Many people want to know the lowest cost way of building. Here’s a short comparison of costs to build an earthbag house using ‘free’ options versus buying the building materials:
hand dig soil on site = free versus deliver soil $200
gather materials and make thatch panels = free versus buy thatch panels $100
hand sift soil for plaster = free versus buying it already pulverized and screened $50
(You could itemize all building costs in a spreadsheet and evaluate various scenarios.)

This shows how you can save money if you want, but at what cost? Do you want to dig for two or three weeks to save $200? Possibly. But maybe your time could be spent more efficiently doing something else. In this example, at 14 days of labor, that’s about $1.79/hour for your time digging soil by hand. (8 hours per day x 14 days = 112 total hours divided into $200 = $1.79/hour.) This includes soil to raise the building site and for the earthbags.

The same is true with thatch. For example, we roofed our roundhouse in one day using $100 of pre-made thatch panels. I can’t even guess how long it would take to do it ourselves from scratch.

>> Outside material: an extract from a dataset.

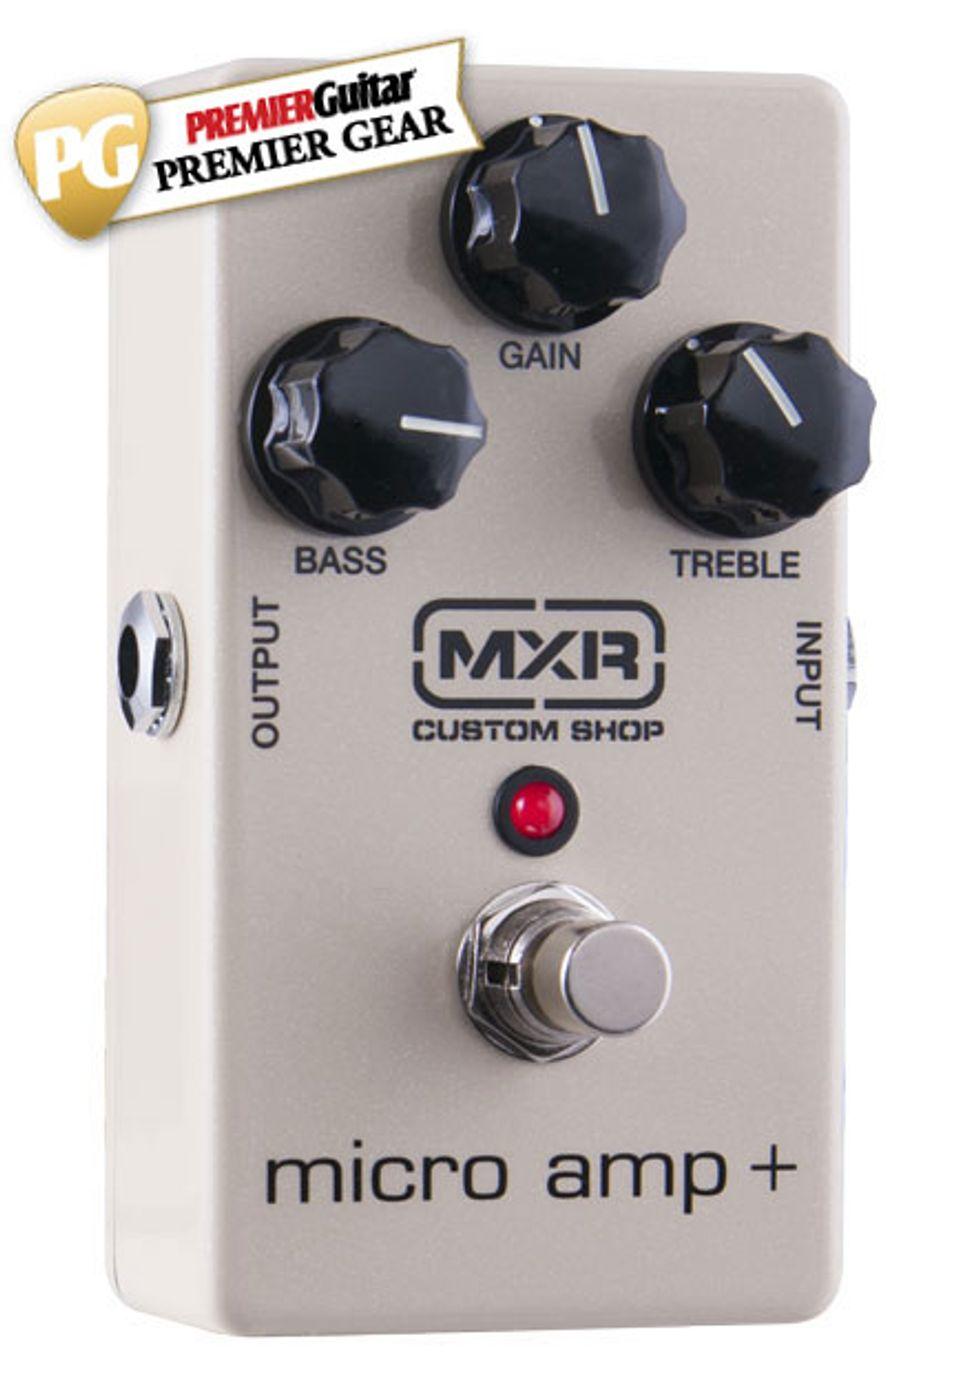 Toyota Little Rock >> MXR Custom Shop Micro Amp + Review | Premier Guitar

Now, I’m not saying to buy everything. I’m just trying to help people understand the options. For our project, we’ve decided to buy these materials because our time (in the case of buying versus digging soil by hand) is worth more than $1.79/hour. In other words, I can do enjoyable, rewarding work and make more than $1.79/hour. I also enjoy natural building, so I’m not going to contract out all the work. But it may make sense to hire someone to fill and carry buckets. There are lots of options and everyone needs to find the right balance that works for them. You may find it advantageous to spend $2,000 and finish your small earthbag house in one month instead of three, and that the least expensive approach is not necessarily the most efficient or best choice for you.